Collected material →
★ ★ ★ ★ ★ ★ ★

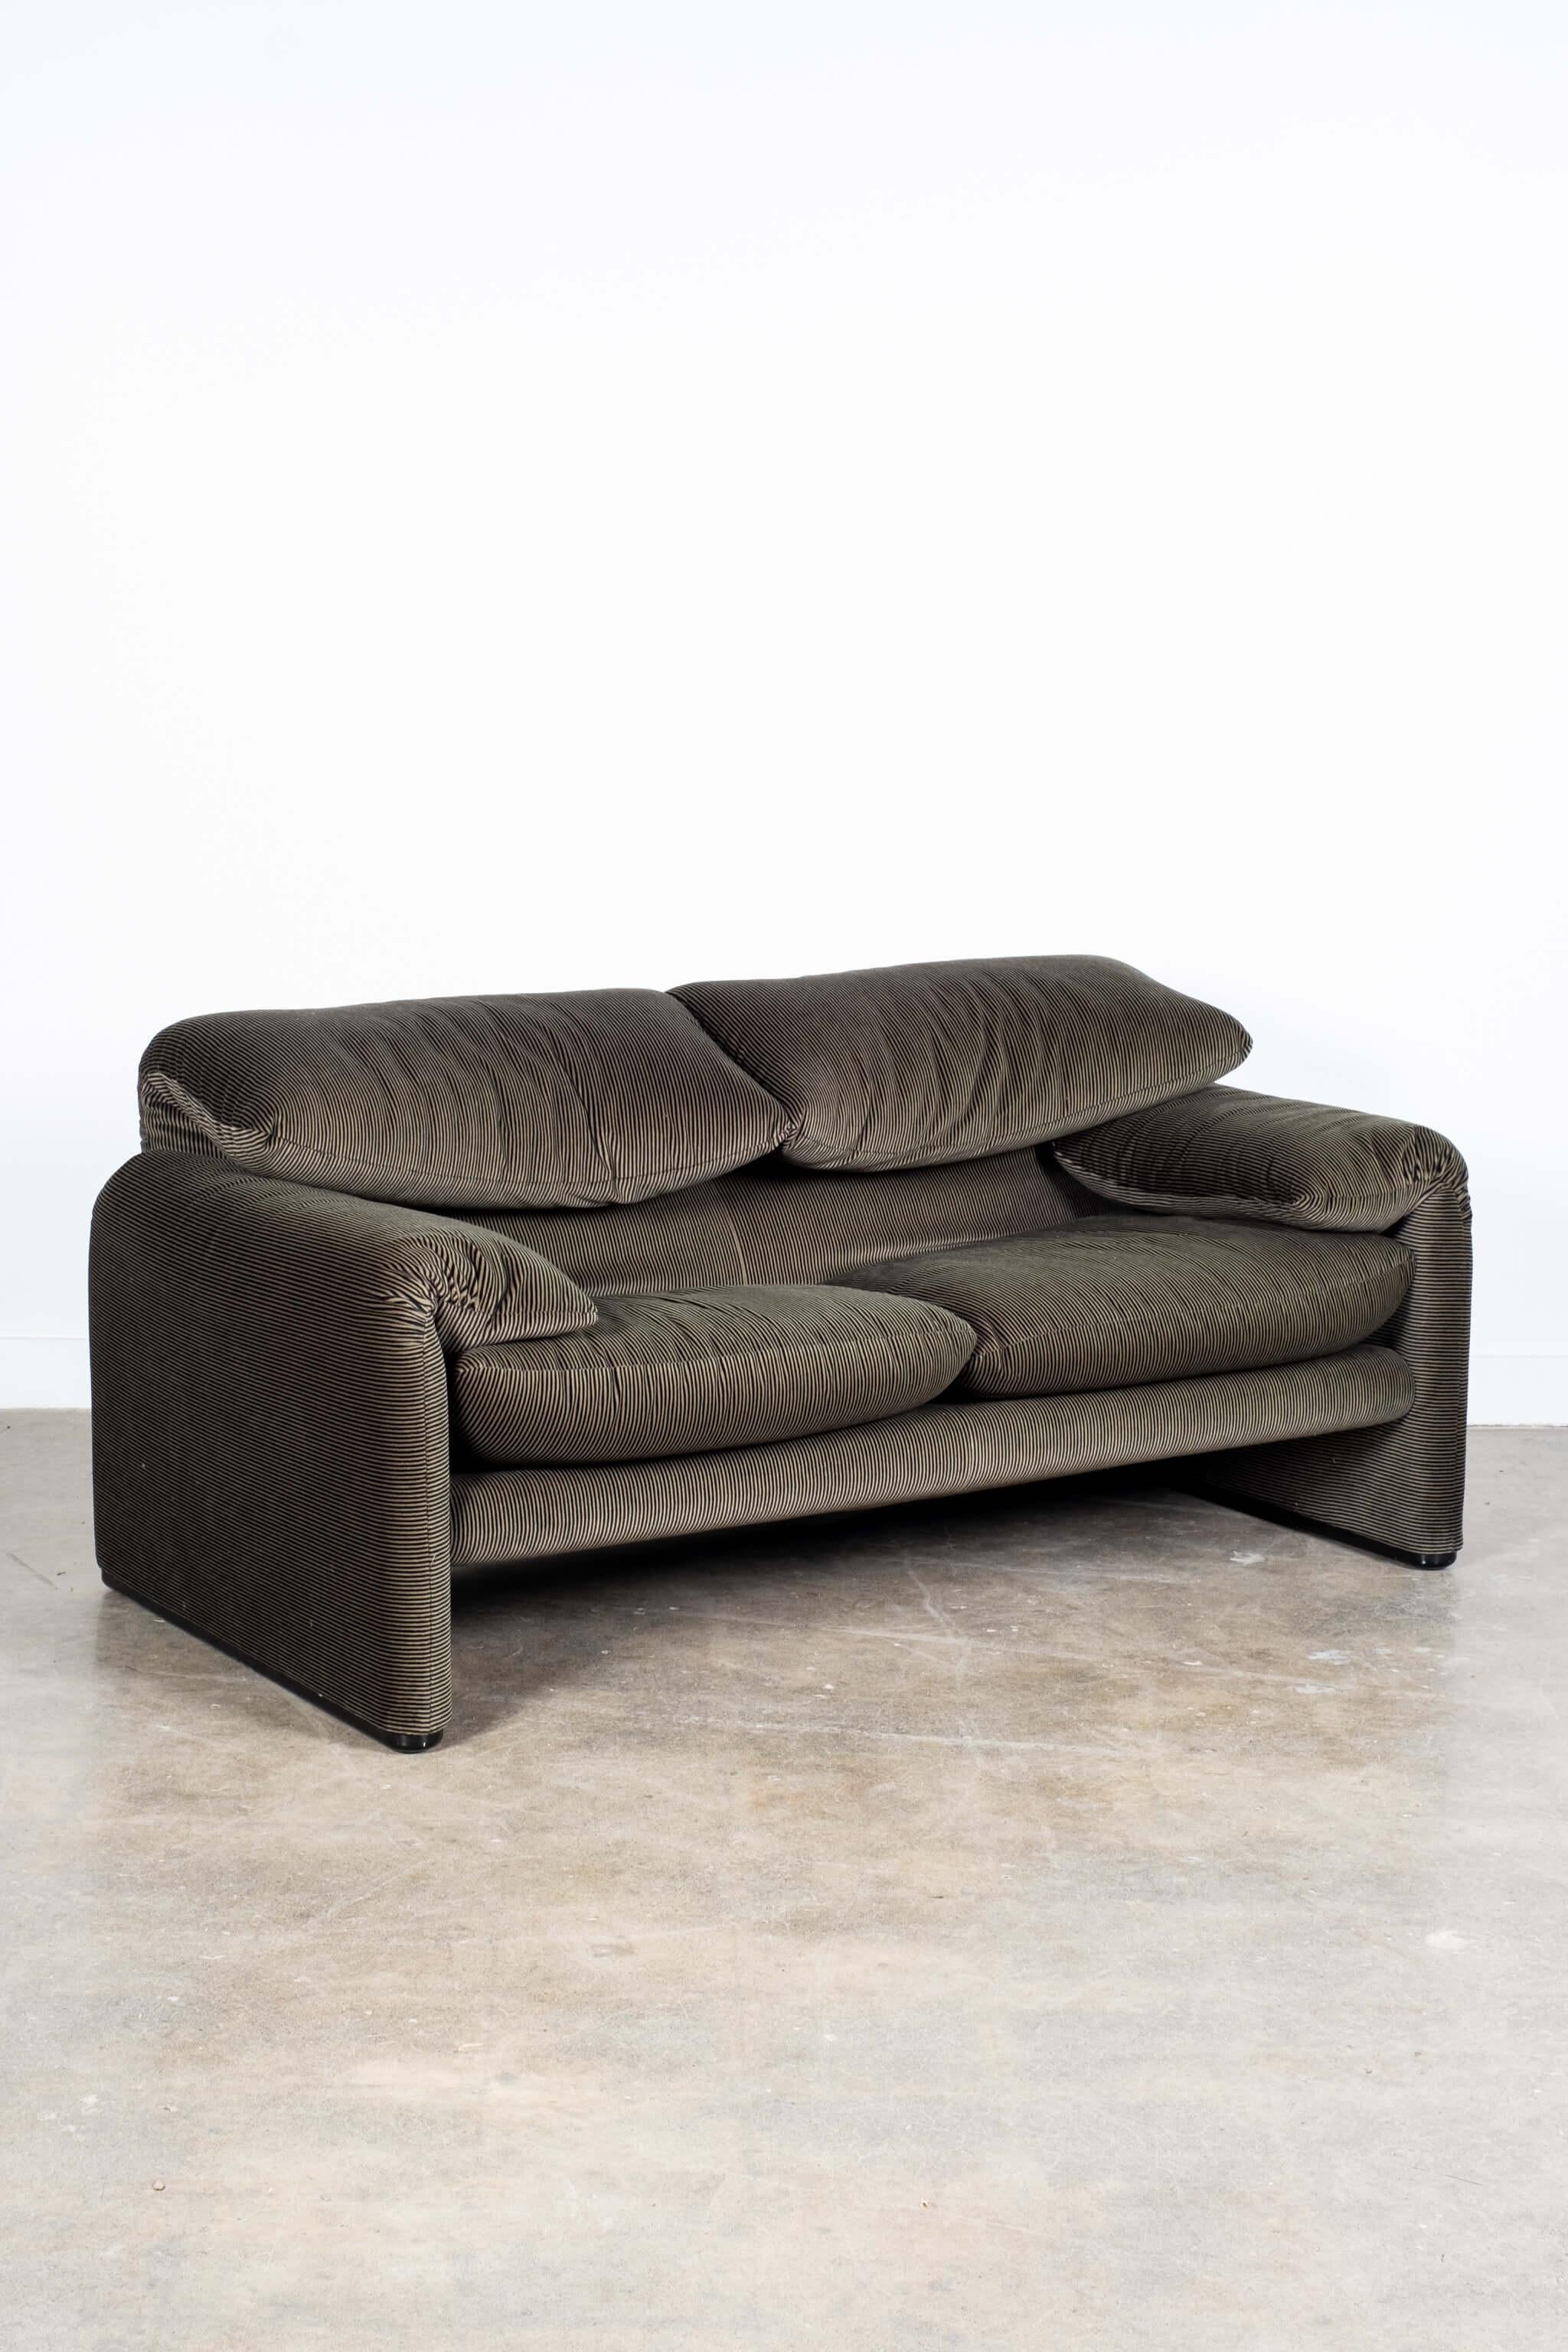 Post-Modern Maralunga 2-Seater Sofa in Original Velvet by Vico Magistretti for Cassina
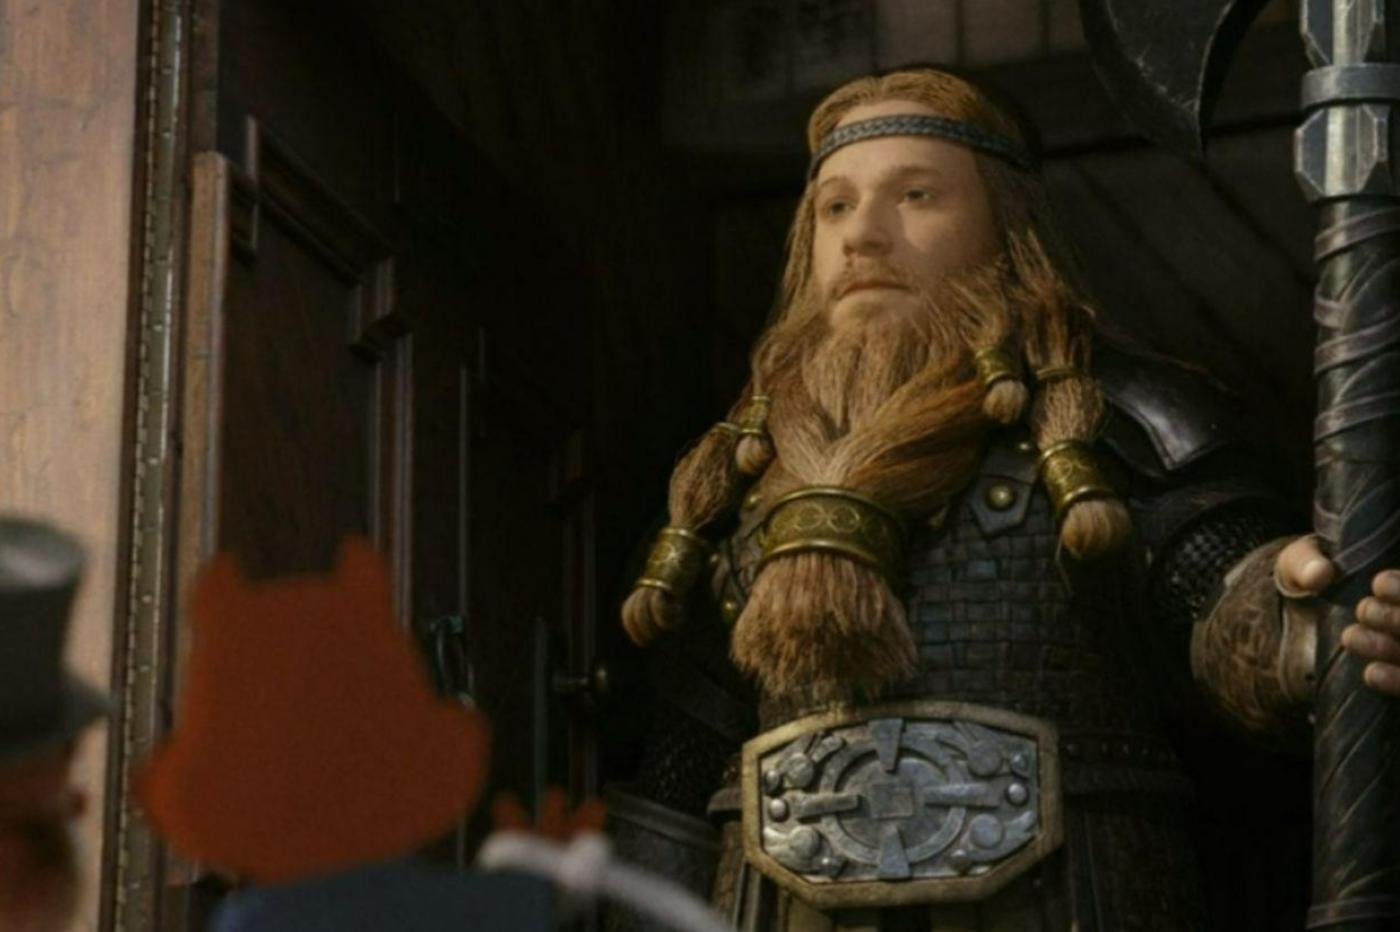 Capture d'écran du film avec un personnage viking animé en 3D dans un style similaire à celui du Polar Express
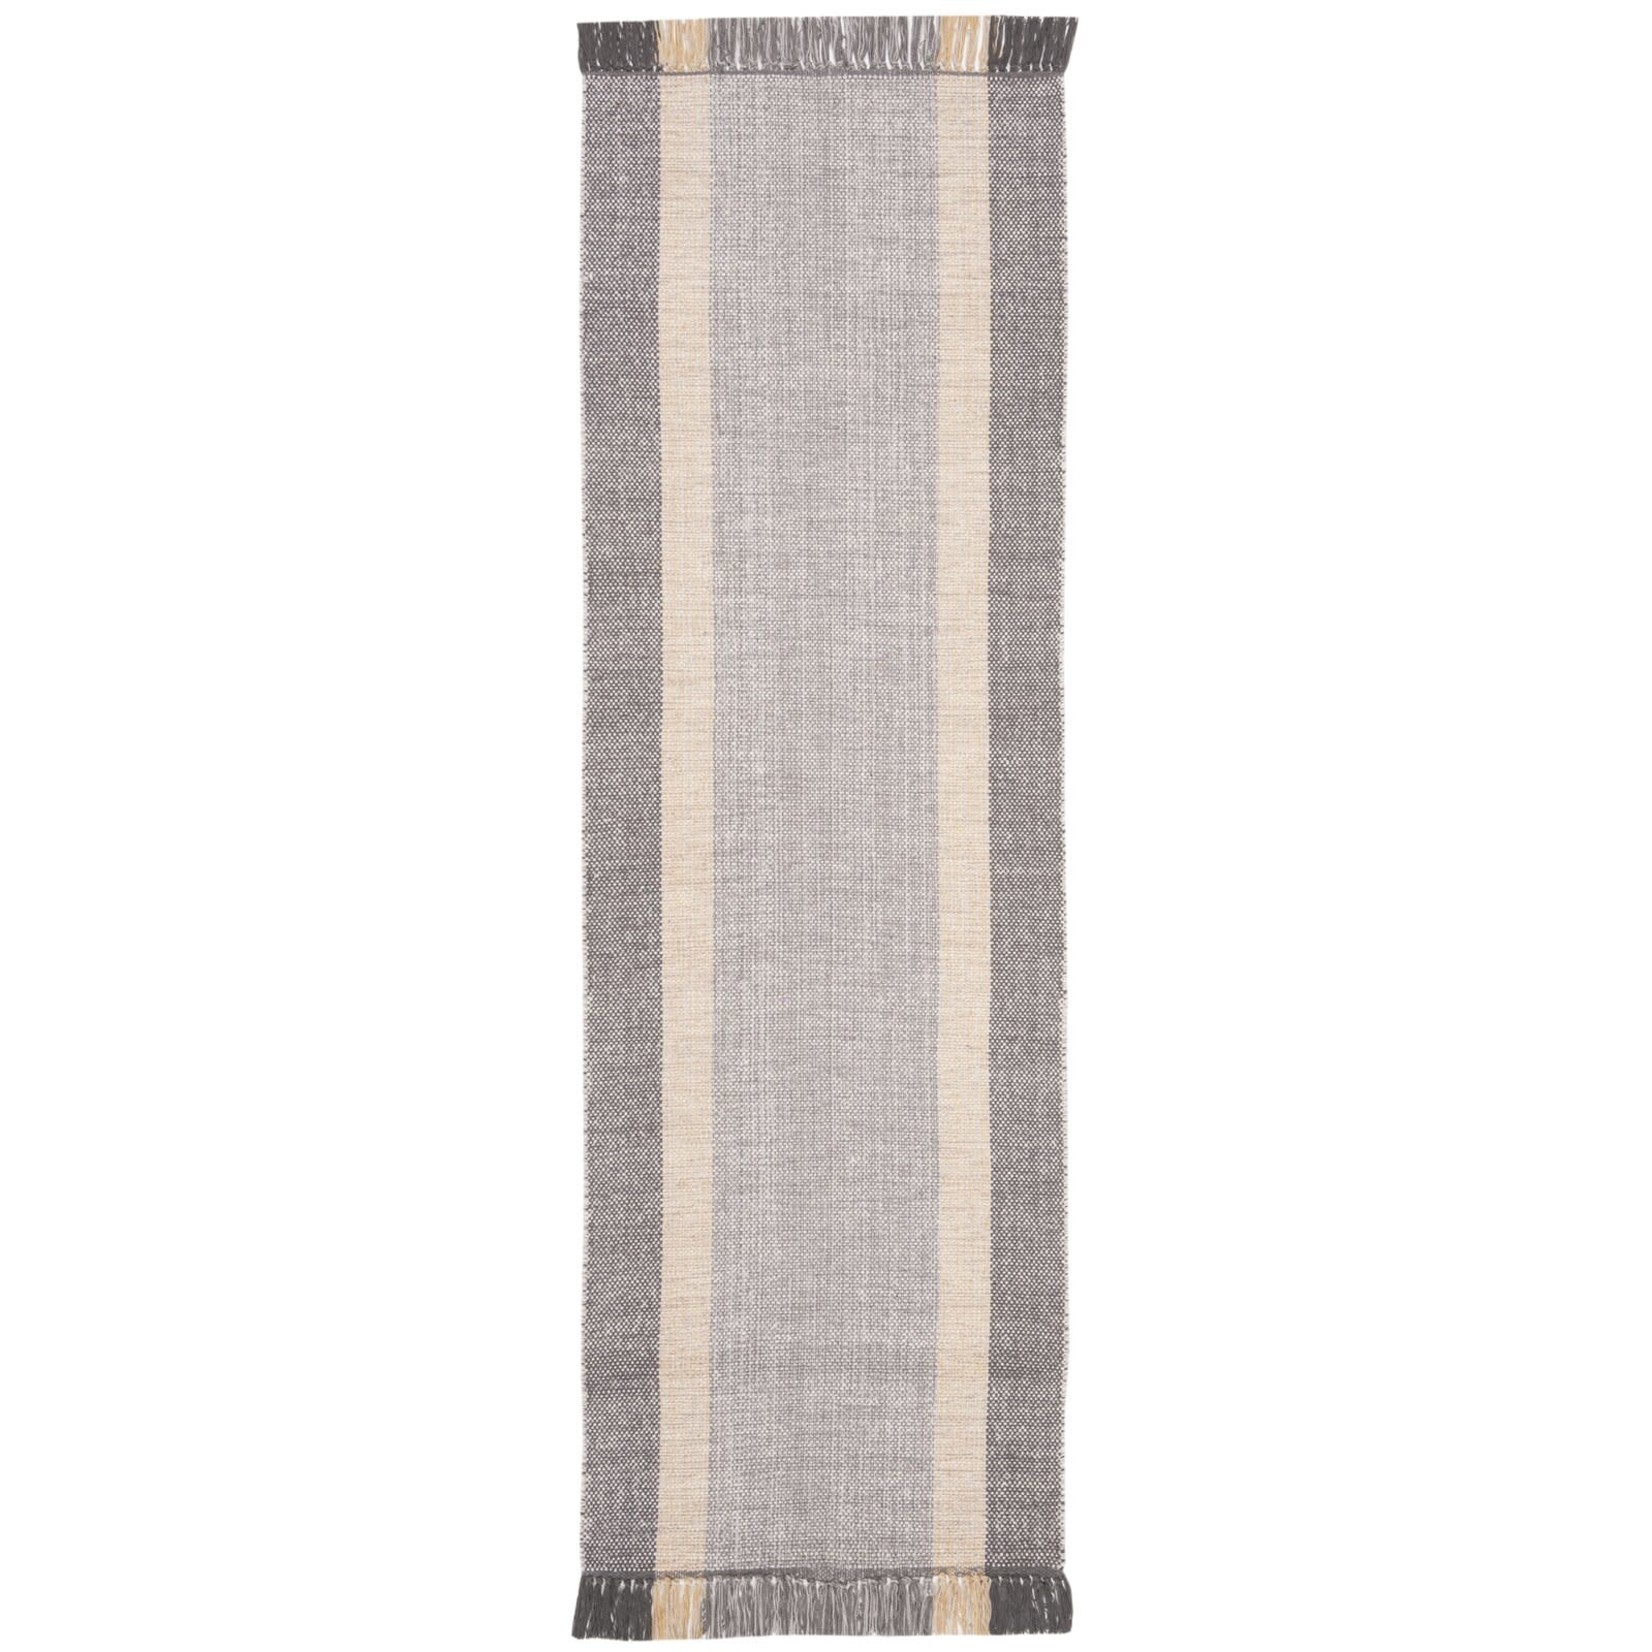 *2'3 x 7' Aitken Handmade Flatweave Cotton Gray/Beige Area Rug

★ ★ ★ ★ ★ ★ ★

Aim of the task →
Hand back the data above exactly, with no images.

Problem solution →
 Post-Modern Maralunga 2-Seater Sofa in Original Velvet by Vico Magistretti for Cassina
 Capture d'écran du film avec un personnage viking animé en 3D dans un style similaire à celui du Polar Express
 *2'3 x 7' Aitken Handmade Flatweave Cotton Gray/Beige Area Rug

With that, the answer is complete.